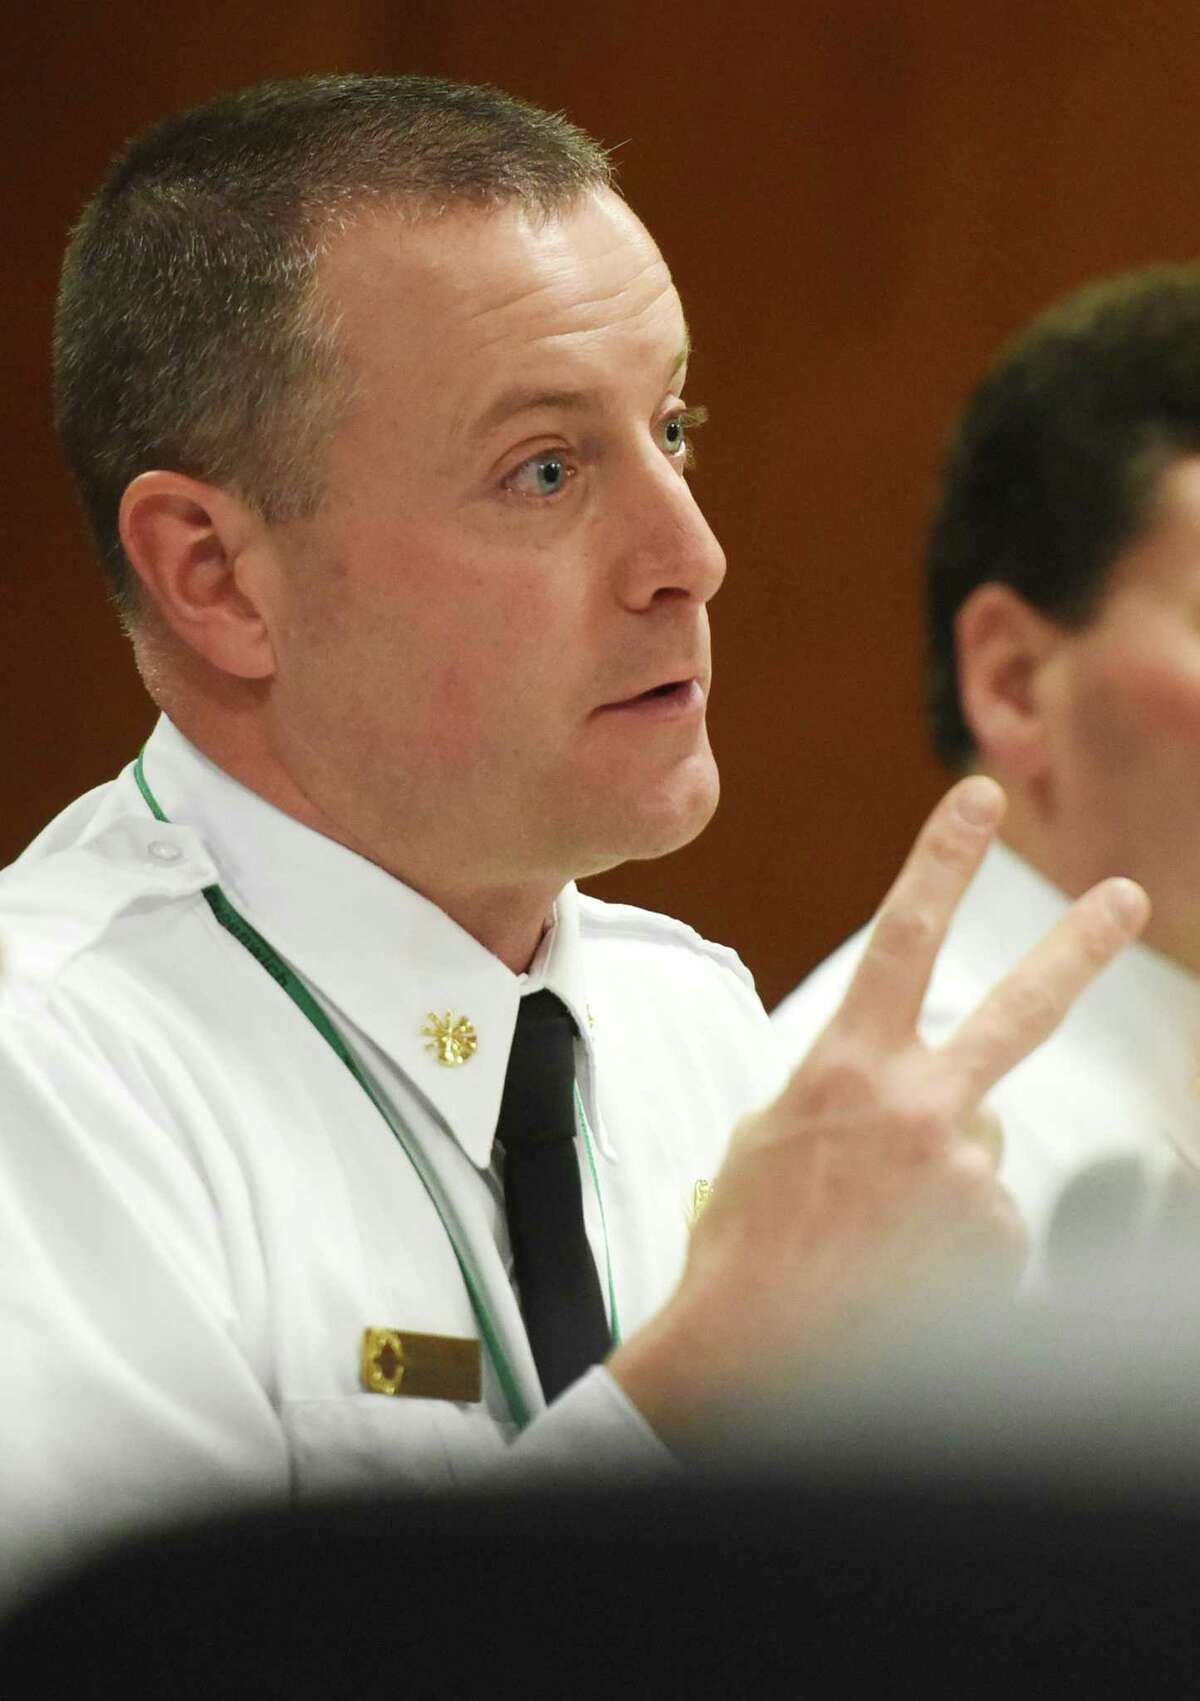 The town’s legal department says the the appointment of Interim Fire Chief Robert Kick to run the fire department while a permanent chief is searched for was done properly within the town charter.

- - - -

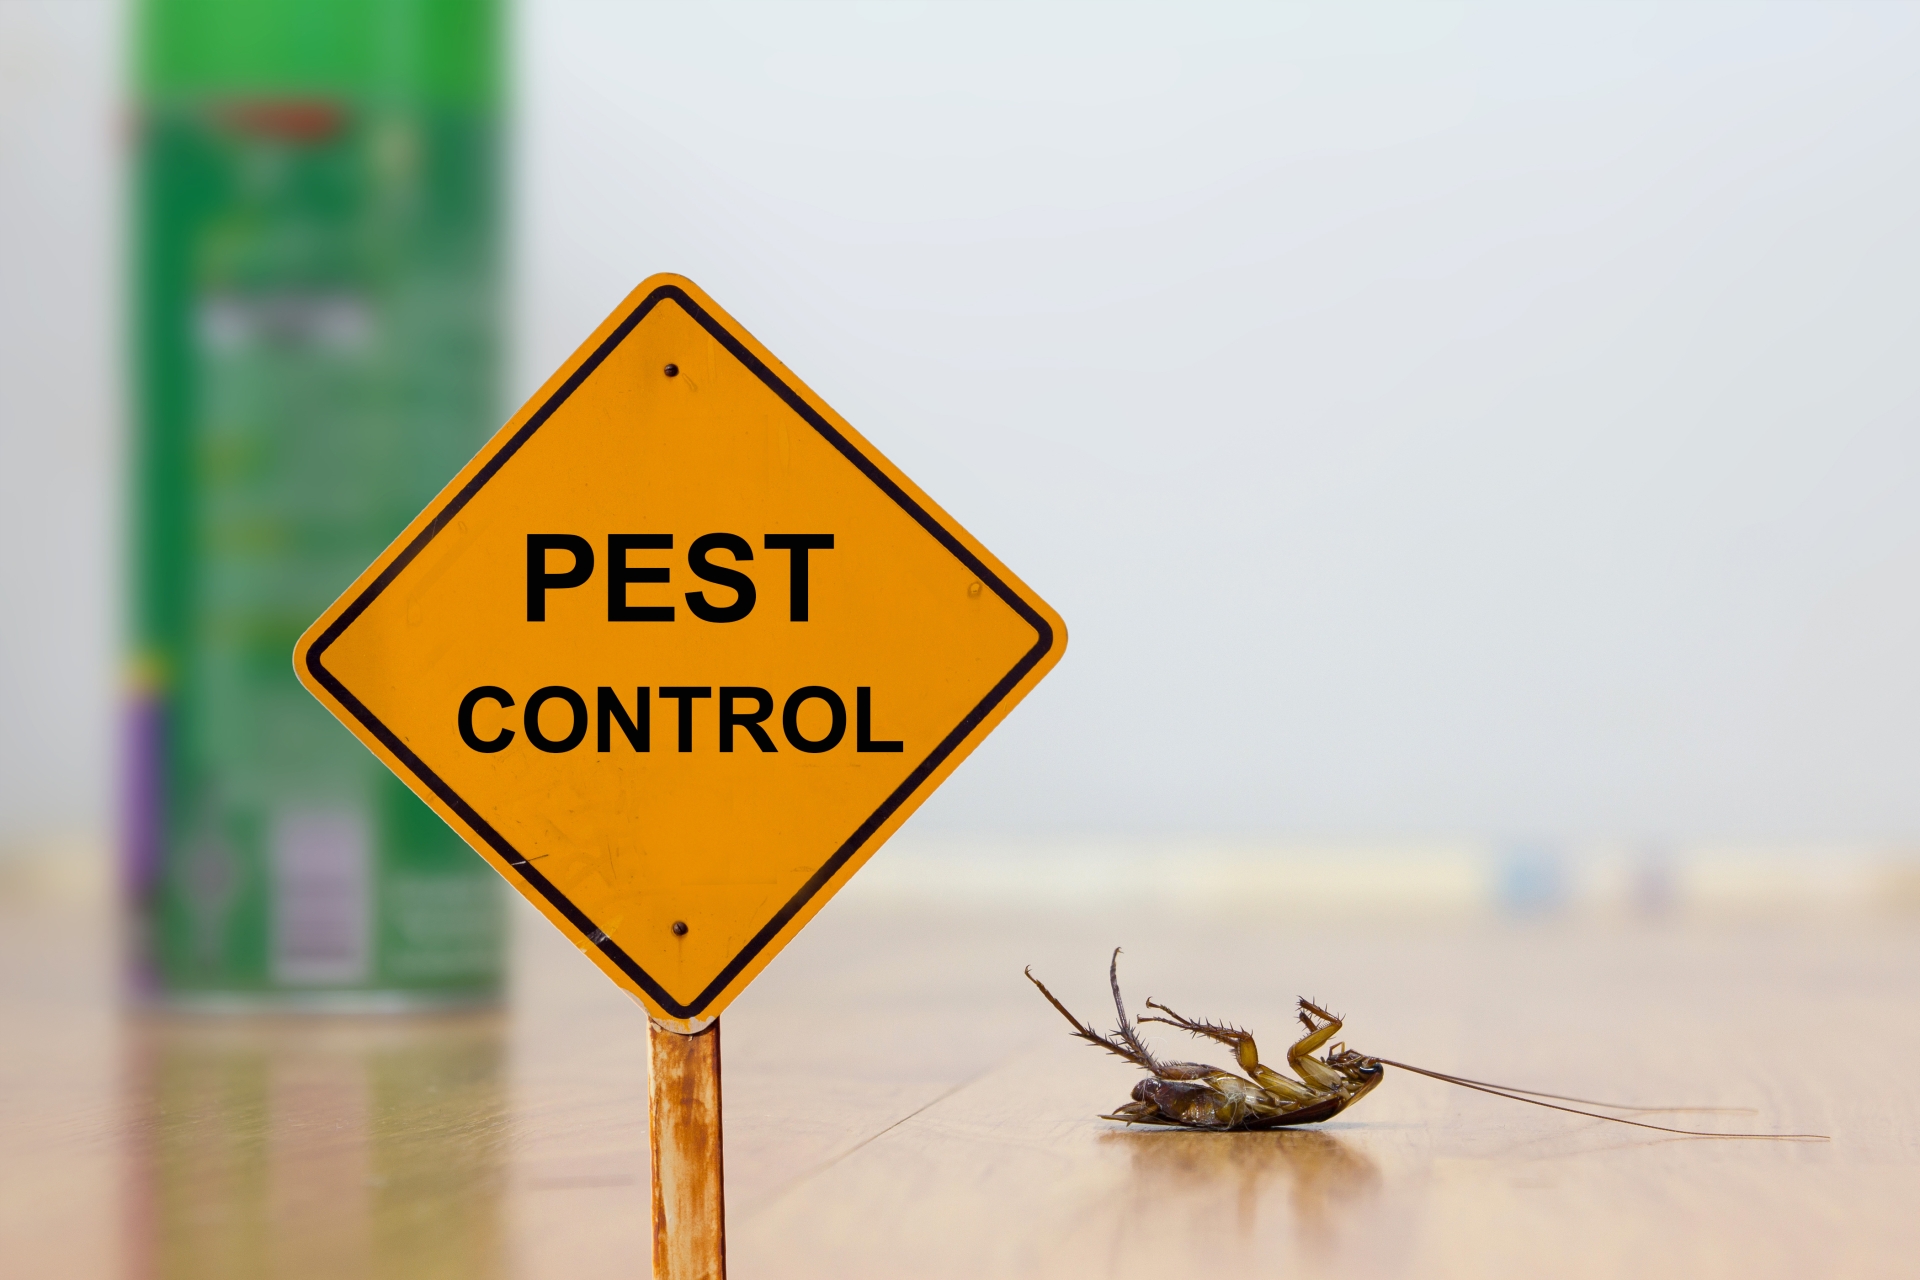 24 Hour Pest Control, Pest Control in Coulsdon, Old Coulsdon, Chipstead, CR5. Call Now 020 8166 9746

- - - -

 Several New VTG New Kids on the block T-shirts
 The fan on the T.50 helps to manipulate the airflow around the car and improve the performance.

- - - -

* Task statement
Please reproduce, exactly as they appear above, the lines from the line containing "Several New VTG" up to and including the line containing "The fan on the".

* The answer
 Several New VTG New Kids on the block T-shirts
 The fan on the T.50 helps to manipulate the airflow around the car and improve the performance.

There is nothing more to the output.